Automatically configure Tunnel) A two-way Tunnel needs to be established statically, and the party configuring the Tunnel does not need to work with other parties. The system creates a tunnel interface or contains IPv4 address information in the IPv6 address. In this way, the IPv4 address can be extracted from the IPv6 address when the tunnel encapsulates the IPv6 package and an IPv4 header can be entered; alternatively, an IPv4 addressing method is provided to obtain the IPv4 address of the Peer end using the addressing technology. Currently, the following five automatic tunneling technologies are commonly used.

◆ Automatic tunnel technology using IPv4-compatible addresses: Automatic tunnel can achieve point-to-point connections, which is characteristic of this technology. Manual tunneling is only a point-to-point connection. IPv4 is compatible with the IPv6 automatic tunnel technology, which can automatically generate tunnels. We know that a tunnel must have a start point and an end point. After the start point and the end point are determined, the tunnel can be determined. In the IPv4-compatible IPv6 automatic tunnel, we only need to tell the device tunnel start point that the tunnel end point is automatically generated by the device. To enable devices to automatically generate endpoints, an IPv4-compatible IPv6 tunnel must use a special address: IPv4-compatible IPv6 address.

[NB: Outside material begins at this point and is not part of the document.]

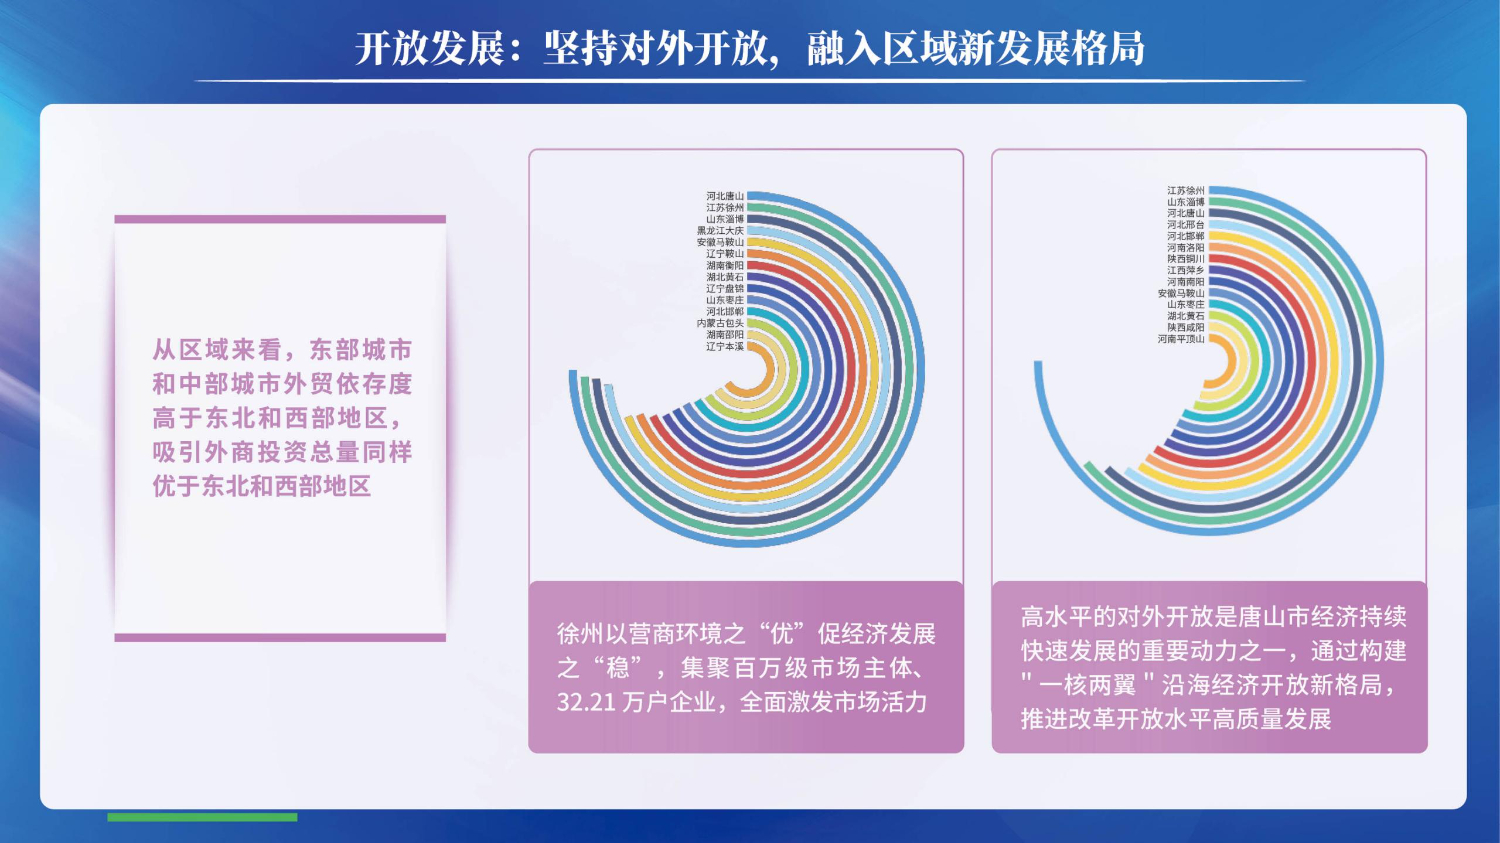 06201503中国资源型城市转型发展指数(1)_19.jpg

◆ 6over4 technology: the IPv4 multicast mechanism is used to implement virtual links and automatically establish a tunnel mechanism. The interfaces using this mechanism use the NDNeighbor disbor protocol proposed in RFC2461 for addressing. When an IPv6 packet needs to be encapsulated, the IPv6 layer sends the ND request packet to address the destination IPv6 address, the 6over4 interface encapsulates an IGMP header in the ND request packet and sends it to the IPv4 multicast domain. In this multicast domain, if another 6over4 interface has the requested IPv6 address, then, the interface sends the ND response packet containing its IPv4 address in the same way. After the query interface receives the ND response, it can obtain the IPv4 address of the Target Interface.

◆ 6to4 technology: the 6to4 address is required for interfaces using this mechanism. The prefix format is 2002: IPv4 Addr:/48. This mechanism requires two types of routers. The two types of routers are: (1) 6to4 Router 6to4 Router), as an IPv6 domain egress Router, the outgoing interface is the 6to4 interface; (2) 6to4 Relay Router), which serves as the 6to4 Router for multiple 6to4 Router Relay routers, generally, you can set the default route of the 6to4 Router as a 6to4 relay route, and set the corresponding route information in this relay Router to connect to multiple IPv6 domains.

◆ ISATAP (Intra-Site automation IC Tunnel Addressing Protocol) technology: it is an in-Site Automatic Tunnel Protocol. Use the ISATAP server to assign the ISATAP prefix. The domain host obtains the prefix by using the ISATAP interface to form the ISATAP address Prefix: 5EFE: IPv4 addr/64.

◆ Teredo technology: Teredo is an Address Allocation and an automatic IPv4/IPv6 tunnel mechanism that enables IPv6 unicast connections across the IPv4 Internet. It encapsulates IPv6 data packets in UDP/IPv4 data packets for transmission. In special address format, in addition to the fixed Teredo prefix, the IPv4 address of the Teredo server, the public IPv4 address of the client, and the UDP port are also inserted into the IPv6 address.